In all states, provisions must be made to remove corrupt and inefficient magistrates. The continuance in office, especially for life, of an incapable or corrupt judge would be intolerable. The English judges in earlier times held their offices at the royal pleasure, but this proved to be a dangerous power to vest in the executive because it made the judiciary subservient to the crown, especially in state trials, and gave the king control over the administration of justice at once dangerous to private rights and subversive of the liberties of the people.

In the time of Lord Coke, the barons of the exchequer were given a good behavior tenure. During the reign of Charles II, the same tenure was created for the common law judges, though the crown retained until after the revolution of 1688 the right to prescribe what tenure the judges should have. Finally, by an act of Parliament passed in the thirteenth year of the reign of William III, the judges’ commissions were made to run during good behavior, and they were forbidden to be removed by the crown except upon an address of both houses of parliament.

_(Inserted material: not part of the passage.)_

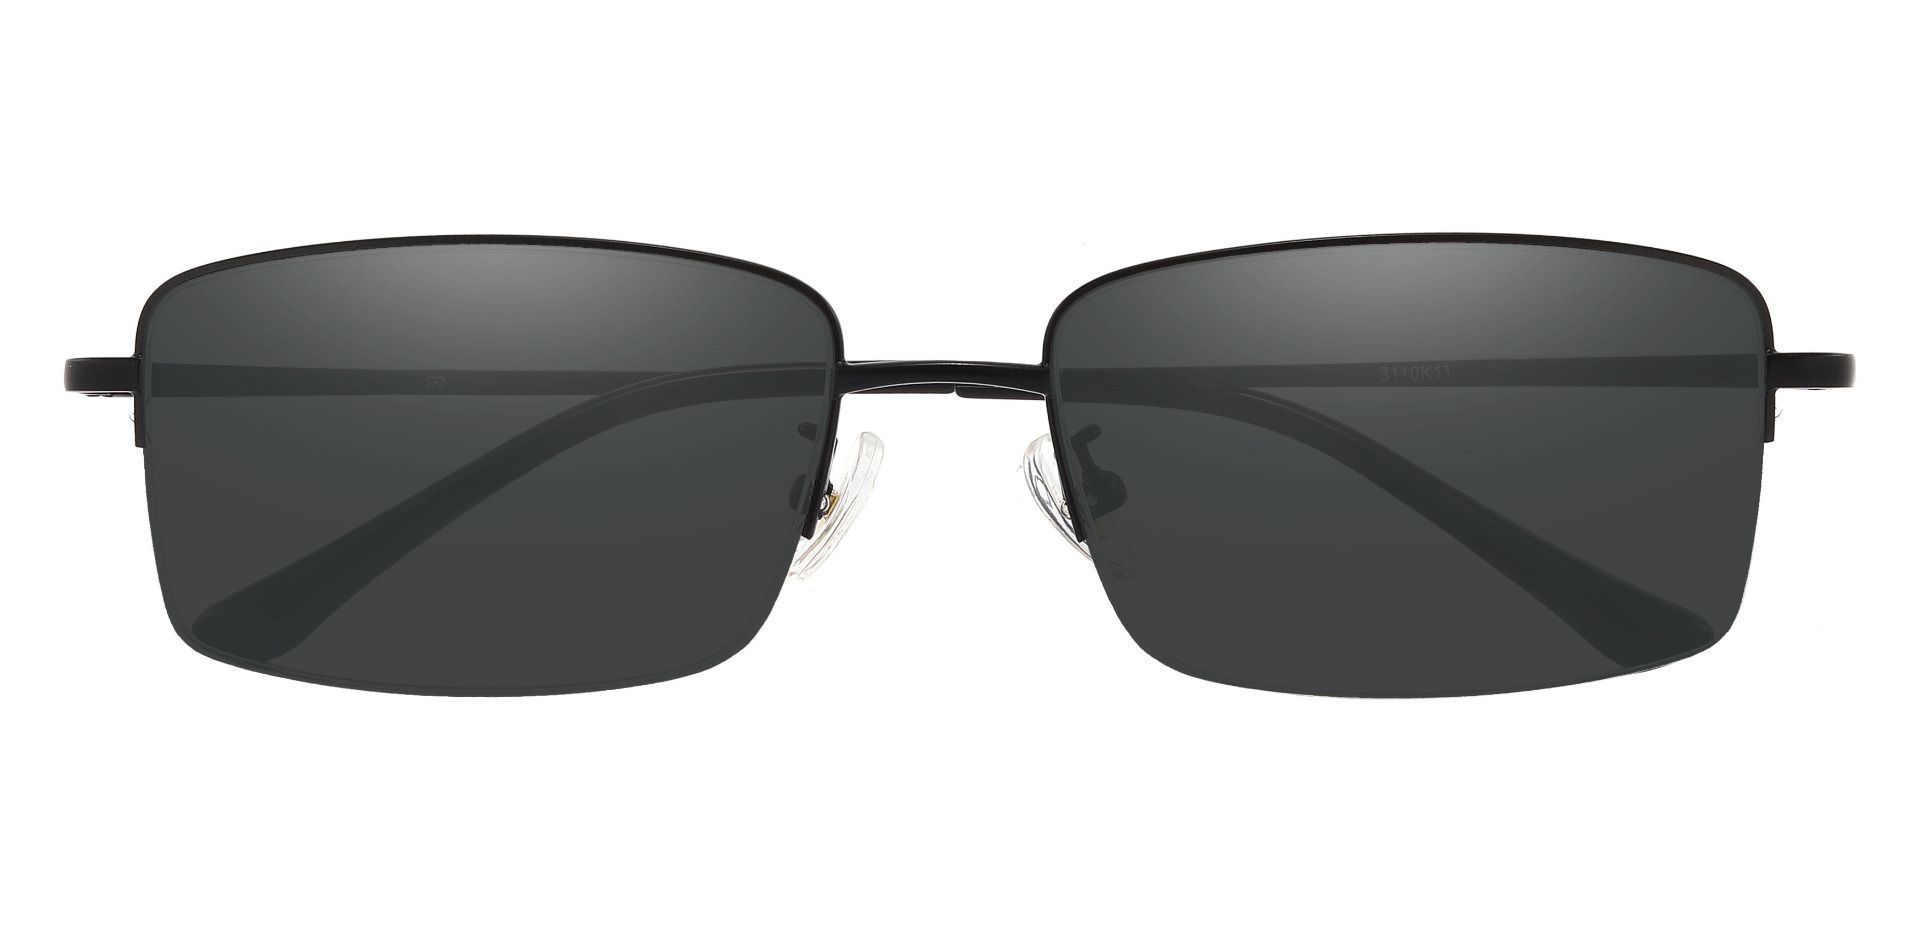 Bellmont Rectangle Prescription Sunglasses - Black Frame With Gray Lenses

In the United States, the most common removal mode is by impeachment, through the preferment of charges by one chamber of the legislature, usually the lower, and trial by the other. The chief objections to this procedure are its cumbersomeness and the danger that the legislature may employ its removal power for party purposes. Still, the provision largely eliminates the latter danger that an extraordinary majority of the trial chamber shall be required to remove. In twelve states, provision is made for removal by the legislature. In nine states, the governor is empowered to remove an address by the legislature, following the English practice.

Recently, the recall method by popular election has found many advocates in the United States, and it has actually been adopted by constitutional amendment in seven states (Arizona, California, Colorado, Kansas, Nevada, North Dakota, and Oregon). However, this mode of removing judges has been severely condemned by American jurists as destructive of the judiciary’s independence and dignity, and there seems little likelihood that it Will ever find general favor or acceptance.

In the states of continental Europe, generally, a Wholly different method for the removal of the judges prevails. There, judges may be removed only by the court of which they are members or by the supreme court sitting as a disciplinary tribunal. After a regular trial, and for reasons expressly stated in the laws. Most of the Continental constitutions or organic acts relative to the judiciary also provide that a judge cannot be transferred from one judicial post to another without his consent, except by the court’s decision.

In a few countries, however (e.g., Austria and Czechoslovakia), the guarantee against immovability and transfers is qualities by the reservation that removals or transfers may be made in case of the reorganization of the judicial system. In Germany, where transfers are made in such a case, the judge must be assigned to another post of equal rank and pay and receive an allowance to cover the cost of changing his residence. Provisions such as these, coupled with life tenure, ensure almost absolute independence of the judges.

On the whole, it must be admitted that throughout Europe, the safeguards adopted to ensure an independent judiciary are more effective than in the United States, where the practice of popular election and limited tenures generally prevails in the individual States of the Union.